╭─ RECORDED DATA

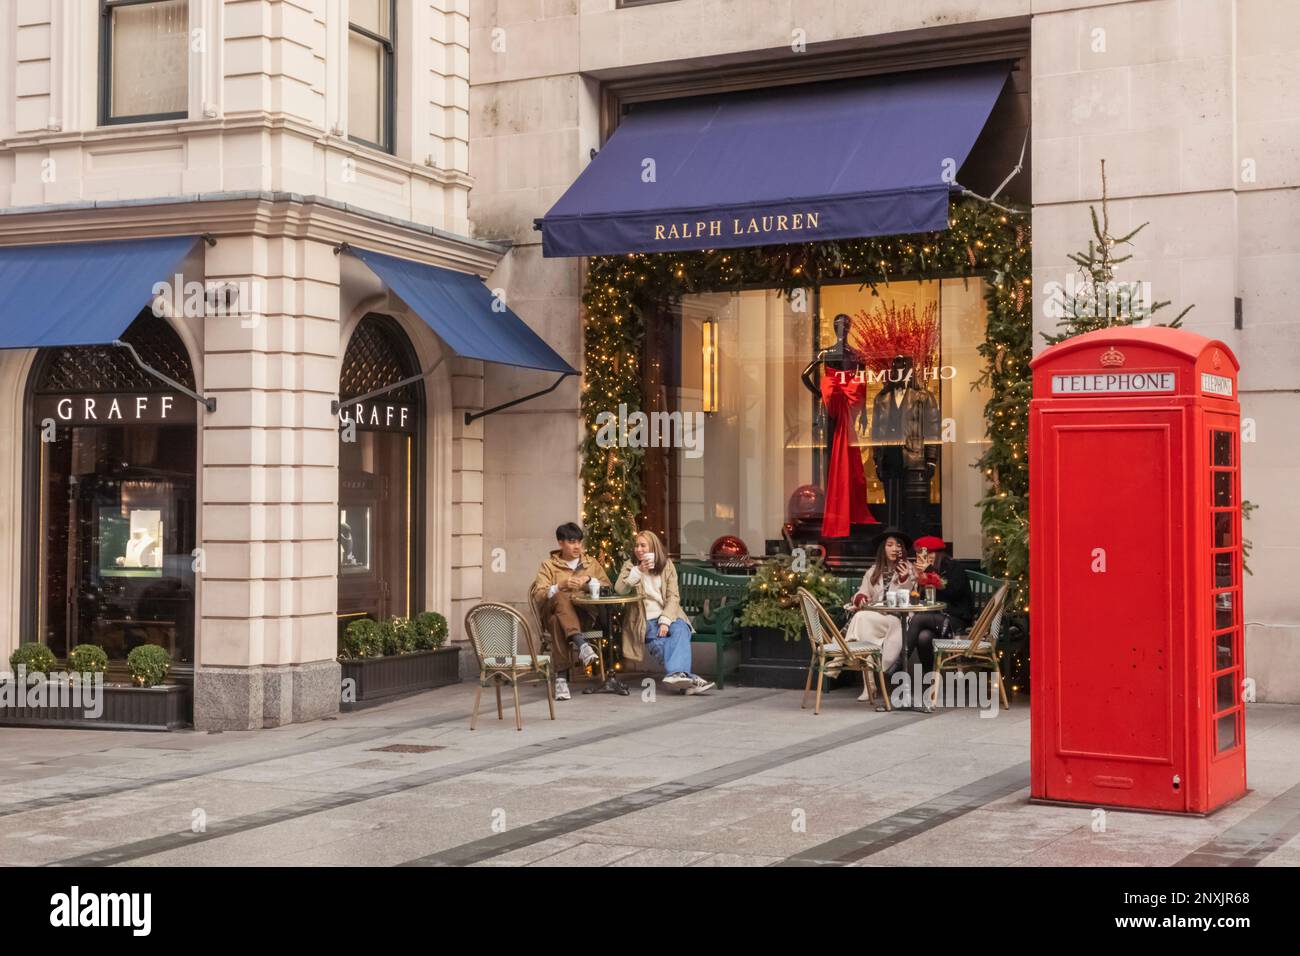 England, London, Piccadilly, New Bond Street, Exterior View of Ralph Lauren Store with Christmas Decorations and Traditional Red Telephone Box Stock Photo
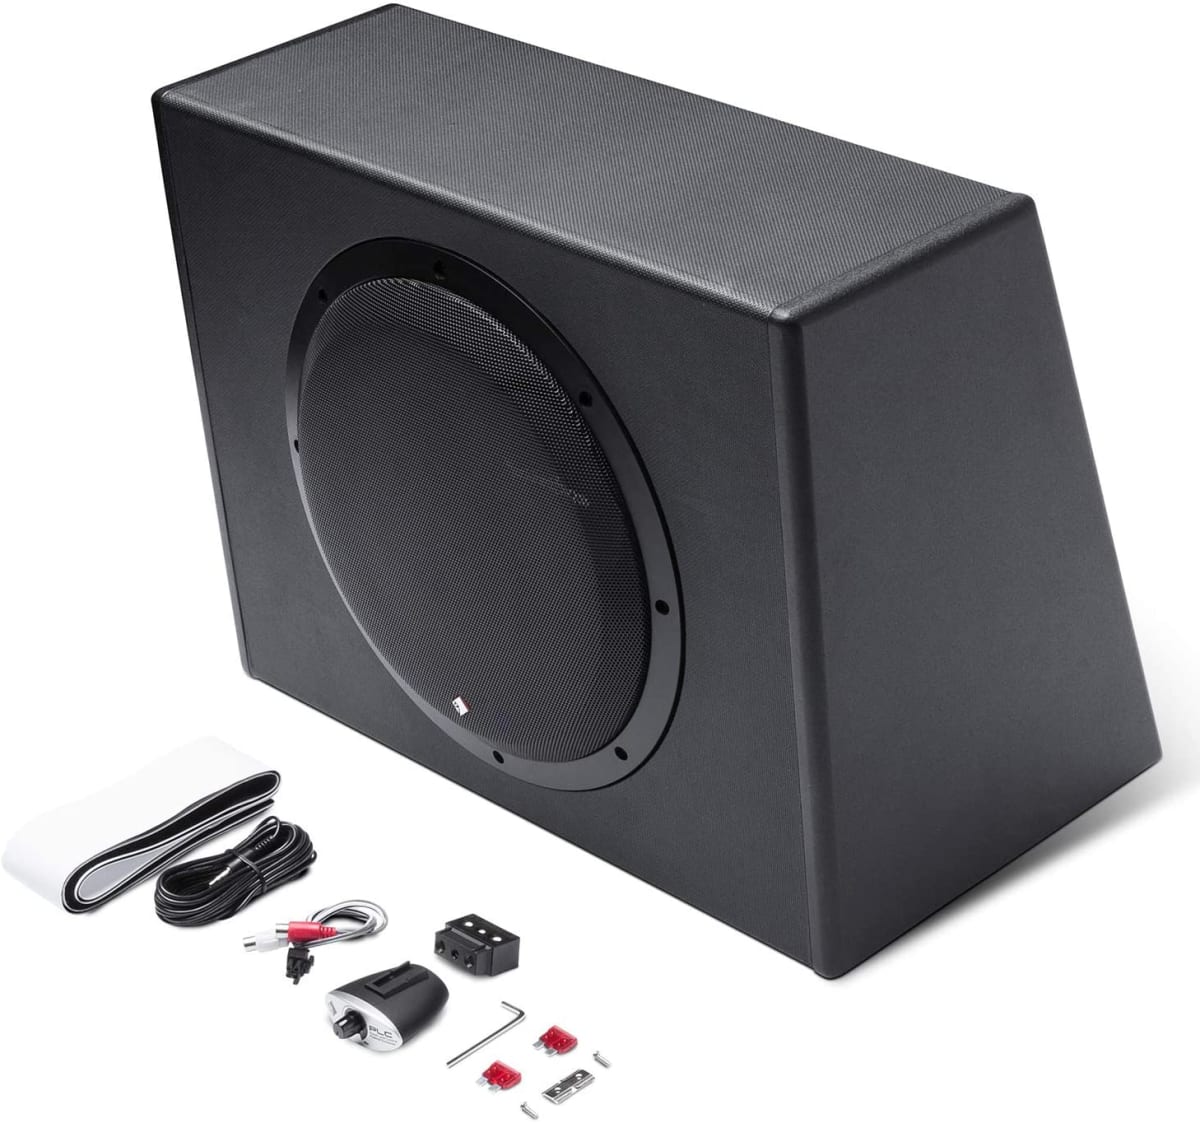 P300-12 Punch 300 Watt Powered Loaded 12-Inch Subwoofer Enclosure
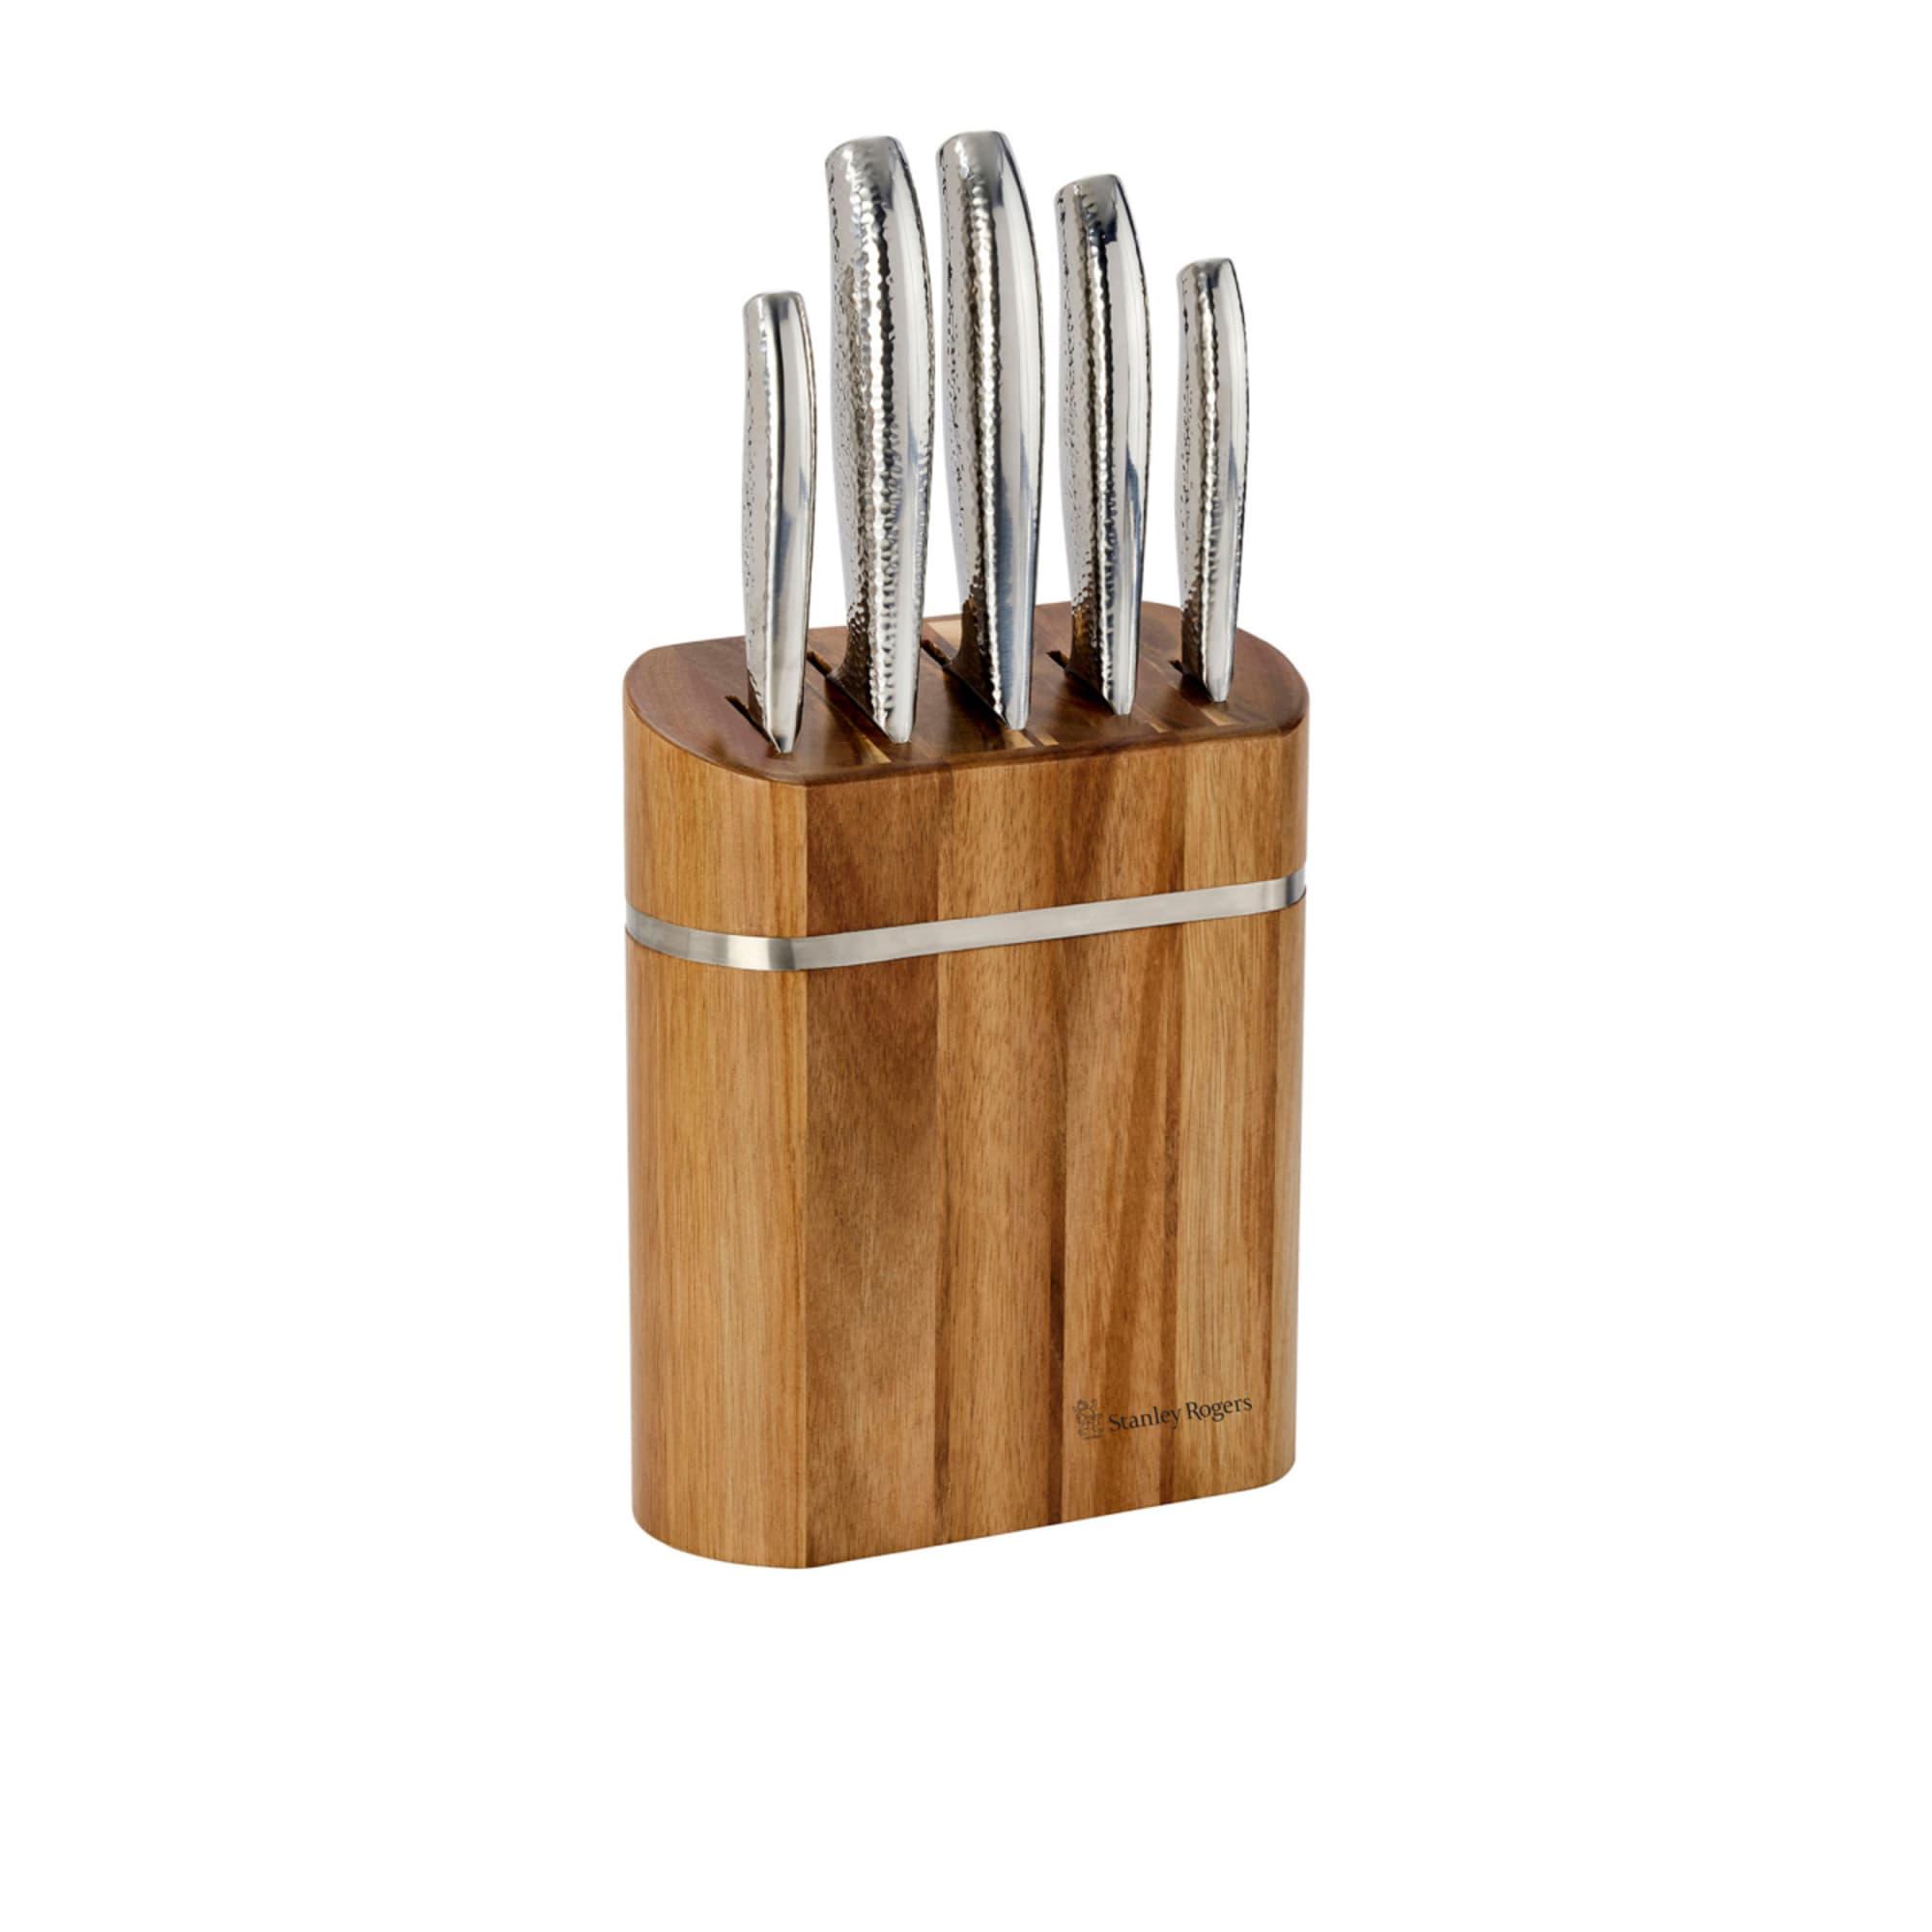 Stanley Rogers 6pc Oval Domed Knife Block Set Image 2

╰─

### TASK TO COMPLETE
Write the listing again exactly, duplicating every line and skipping the pictures.

### RESULT FOR THIS TASK
 England, London, Piccadilly, New Bond Street, Exterior View of Ralph Lauren Store with Christmas Decorations and Traditional Red Telephone Box Stock Photo
 P300-12 Punch 300 Watt Powered Loaded 12-Inch Subwoofer Enclosure
 Stanley Rogers 6pc Oval Domed Knife Block Set Image 2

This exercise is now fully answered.